Like an ethnographer, Méheut pays the same attention to detail when it comes to translating the popular Breton society of his time, in the work of the fields as in that of the sea but also in festive moments such as pardons. or the markets.

The Mathurin Méheut who, for more than four years, will testify by drawing the Great War as close as possible to men from the trenches where he fights, is also mentioned in Pont-Aven.

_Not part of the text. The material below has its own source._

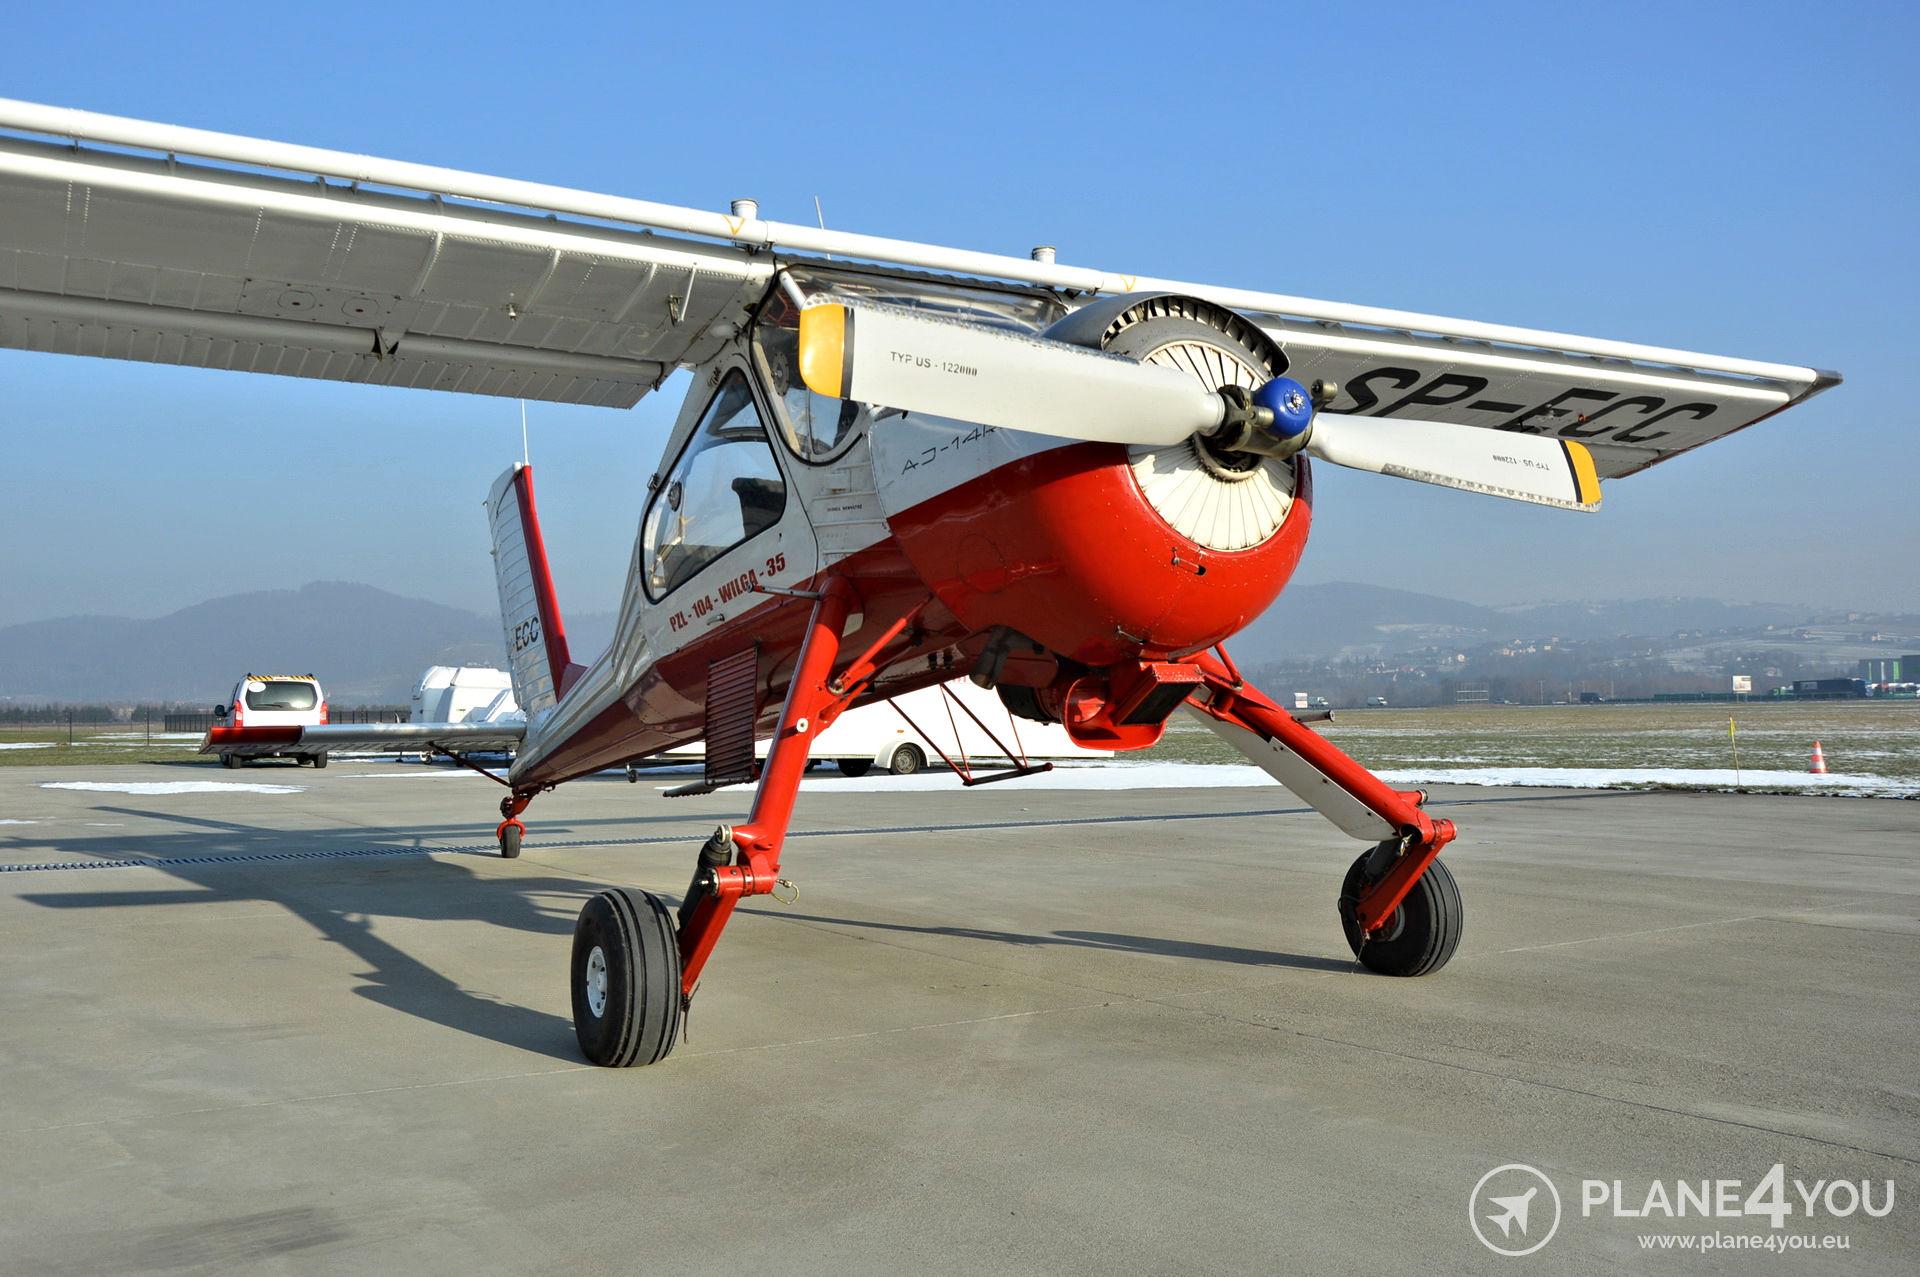 Pzl wilga aircraft

-Decoration of “Normandy”-

In Lamballe, where he was born to a carpenter father and an innkeeper mother, the new museum, located within the national stud farm, offers a permanent tour and a temporary exhibition this year on the theme of “Paquebots, at the crossroads decorative arts”.

Because between 1923 and 1950, “MM”, as he signs his works, creates decorations and illustrations for the two major French shipping companies of the time: the Messageries Maritimes and the Compagnie Générale Transatlantique. For the prestigious “Normandy”, he notably signed four panels, intended for the dining room, on the theme of the forest in winter.

Unfortunately, most of his works on board have disappeared with the ships and only photos, sketches or studies remain, regrets the museum’s communication officer, Fanny Caullery.

The old museum, in a magnificent 15th century half-timbered house, had become too cramped. The new space more than quadruples its area, with nearly 400 m2.

“Over the years, the collections have been enriched (…) Here, we can allow ourselves works that we could not present before, for example, because they were too big”, says Ms. Caullery.

You can thus admire the La Mer tapestry (5.95 m by 3.50 m), produced by the Manufacture des Gobelins, following an order placed in 1939 to Méheut with, as an imposed subject, an “allegory of marine life”. Opposite the tapestry, the life-size cardboard drawn by the artist.

There are also rare editions, such as this “Regarde” from 1929, illustrated by the painter and accompanied by a text by Colette, to encourage children to discover seaweed and seaside animals.

Often assigned to Brittany, Méheut also painted elsewhere, always with the same incisive line, whether it was Japan from where he returned during the mobilization for the First World War, Provence where he will have a house built, or even from his imagination, like these “Women pagures” born of a hermit crab.

Extremely prolific, Mathurin Méheut was appointed painter to the Navy in 1921, a mark of recognition highly prized by the artistic world. Very attached to the maritime world, he will however not fulfill any mission for the Navy and will not board any of its ships.